In D23836#524333, @jhb wrote:

So for reference, I ran 'tftp' over localhost to fetch a ~5MB file. With the defaults (512b blocks, 1 window), it took 1.7 seconds. With 1024 byte blocks it took 1.2 seconds. With 512 byte blocks and a windowsize of 16 it took 0.2 seconds, and with 1025 byte blocks and a windowsize of 16 it took 0.1 seconds (as reported by the client). For that simple test it seems that windowsize makes a much bigger difference than blocksize for improving throughput.
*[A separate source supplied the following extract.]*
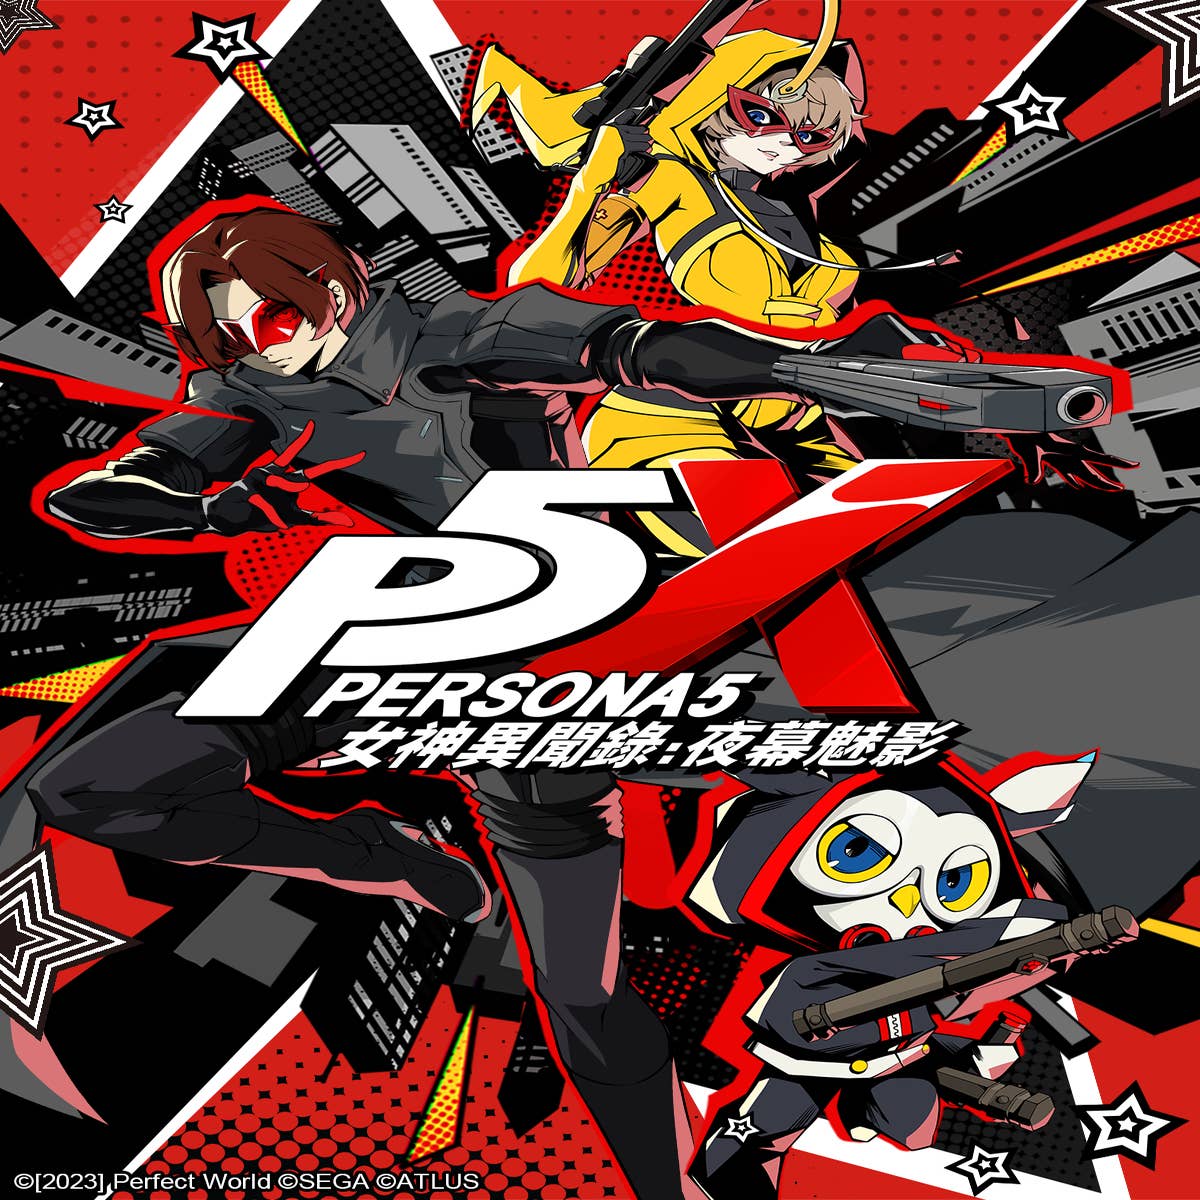 Persona 5 The Phantom X - Closer Poster by VelvetZone

1.7s->1.2s is 1.4x faster for 2x the block size, and 1.7s->0.2s is 8.5x faster for 16x the window size. The only meaningful comparison would be 1024 byte 1 blocks with a window size of 1 vs 512 byte blocks with a window size of 2, and I would expect the former to be marginally faster (though perhaps not noticeably) than the latter given there are fewer packets to construct and process. Where you really win with window size though is the ability to ramp it up such that you're transmitting more than 1 MTU's worth of data at a time; increasing the block size further just gives you either fragmentation (at which point you basically have windowing, just at a lower layer) or your network stack doesn't bother to implement it and you can't go that high.

In D23836#524335, @jrtc27 wrote:

In D23836#524333, @jhb wrote:

So for reference, I ran 'tftp' over localhost to fetch a ~5MB file. With the defaults (512b blocks, 1 window), it took 1.7 seconds. With 1024 byte blocks it took 1.2 seconds. With 512 byte blocks and a windowsize of 16 it took 0.2 seconds, and with 1025 byte blocks and a windowsize of 16 it took 0.1 seconds (as reported by the client). For that simple test it seems that windowsize makes a much bigger difference than blocksize for improving throughput.

1.7s->1.2s is 1.4x faster for 2x the block size, and 1.7s->0.2s is 8.5x faster for 16x the window size. The only meaningful comparison would be 1024 byte 1 blocks with a window size of 1 vs 512 byte blocks with a window size of 2, and I would expect the former to be marginally faster (though perhaps not noticeably) than the latter given there are fewer packets to construct and process. Where you really win with window size though is the ability to ramp it up such that you're transmitting more than 1 MTU's worth of data at a time; increasing the block size further just gives you either fragmentation (at which point you basically have windowing, just at a lower layer) or your network stack doesn't bother to implement it and you can't go that high.